FileNotFoundError: [Errno 2] No such file or directory: '/home/local/$FOO/$USERNAME/.pyenv/versions/$VIRTUALENV_NAME/lib/python3.7/site-packages/suod/models/saved_models/bps_prediction.joblib'

I've omitted some of the exact values from the training system. $FOO is a directory that contains my home directory which is $USERNAME. $VIRTUALENV_NAME is the name of the virtual environment I created using pyenv virtualenv 3.7.10 $VIRTUALENV_NAME.

It looks like when the model is trained, the path to the pre-trained cost predictor is saved in the model object itself, which prevents the model from being used on a computer where that path is different.

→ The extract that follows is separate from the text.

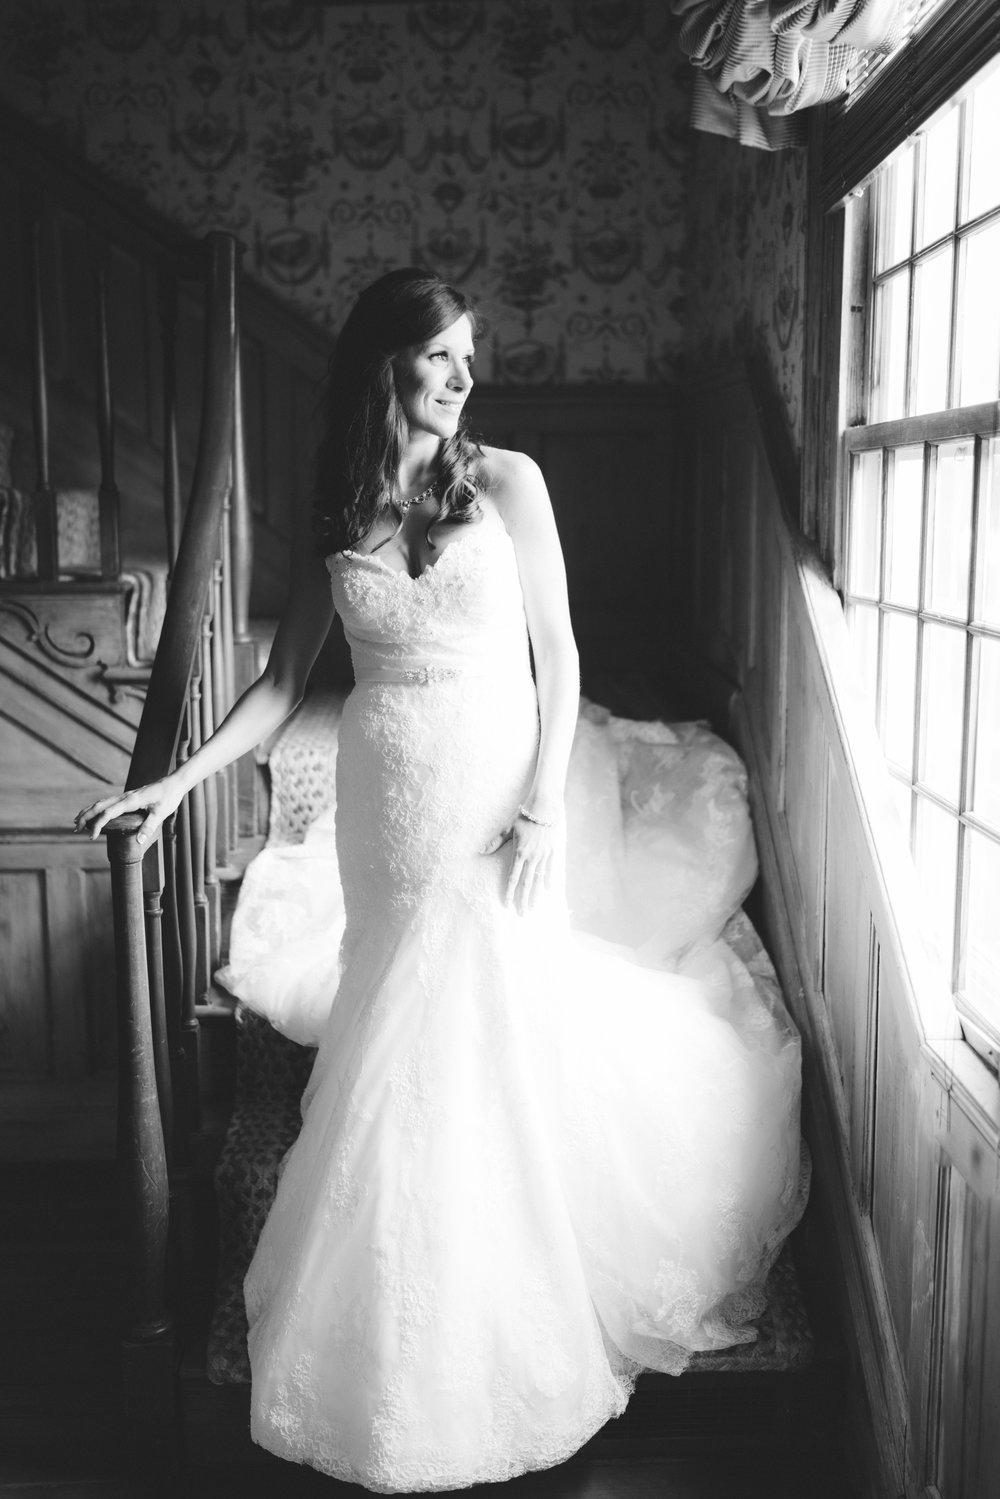 Mike_Steinmetz_Virginia_Wedding_Photographer_Favorites-33.jpg
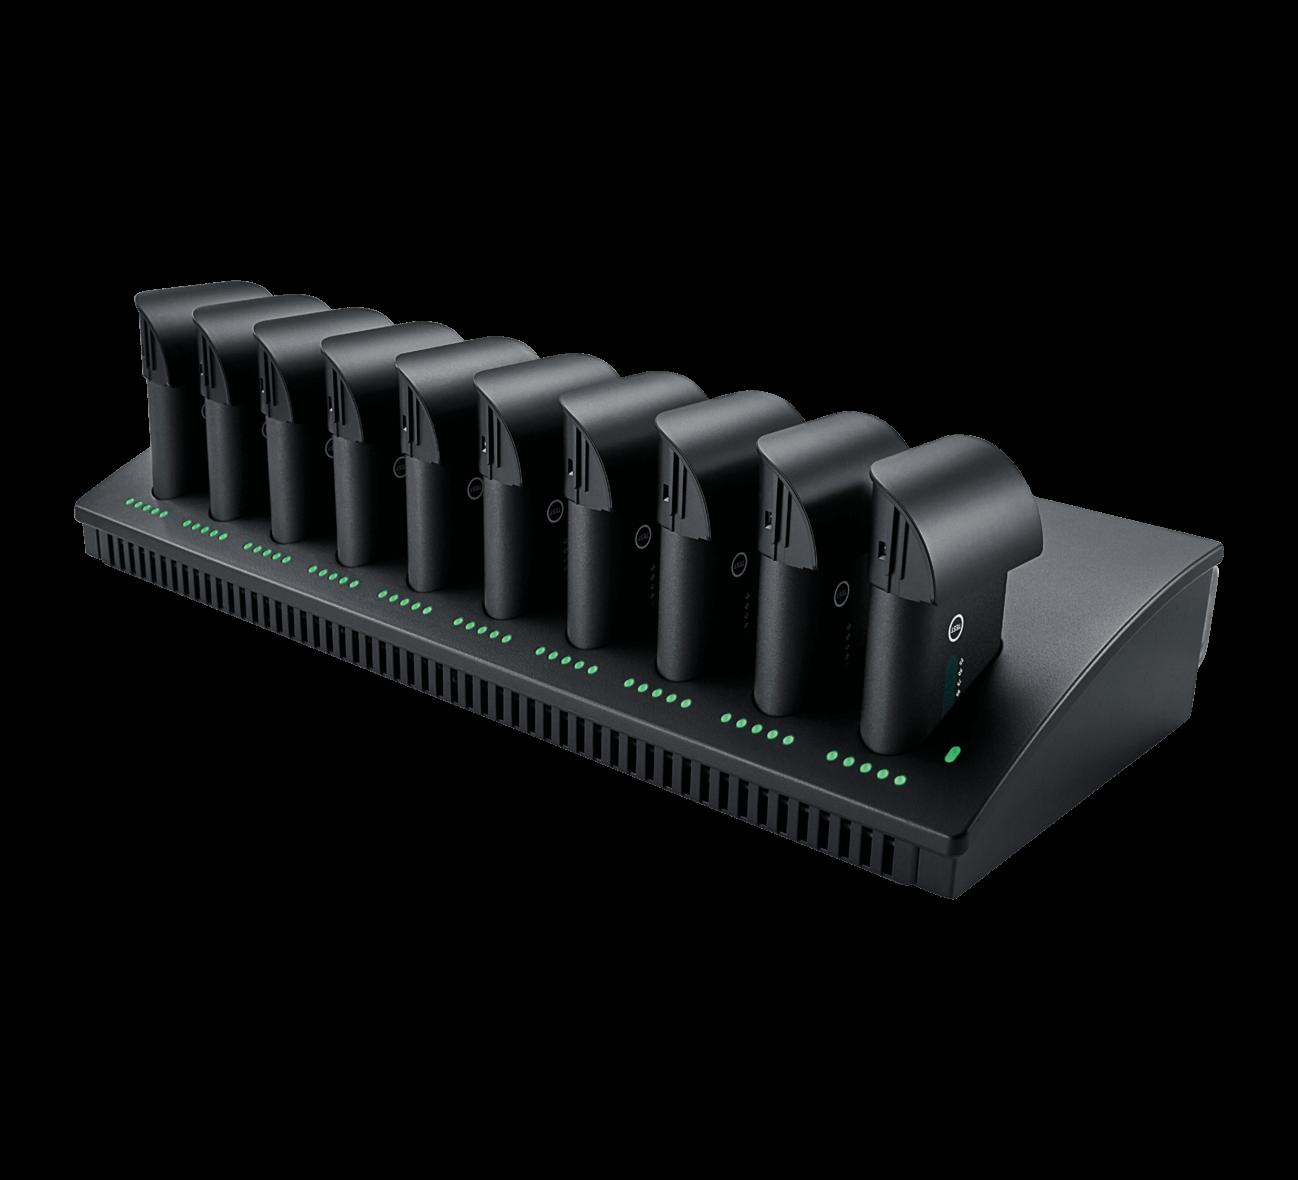 Bateria recargable para mxcw-640-Sb930

I tried manually setting clf.cost_forecast_loc_pred to the correct path to bps_prediction.joblib, but still got the same error. I don't have access to create a symlink to point to the original location. How can I get the object to load bps_prediction.joblib from the correct path?

muraiki avatar Oct 04 '21 14:10 muraiki

noted. we have not considered the use case of saving SUOD. This may be a bit involved since bps_prediction.joblib should be part of the suod package. Would you mind sharing a minimal example with a synthetic dataset for reproducing purposes?

yzhao062 avatar Oct 05 '21 03:10 yzhao062

Thank you for your quick response! Here's an example.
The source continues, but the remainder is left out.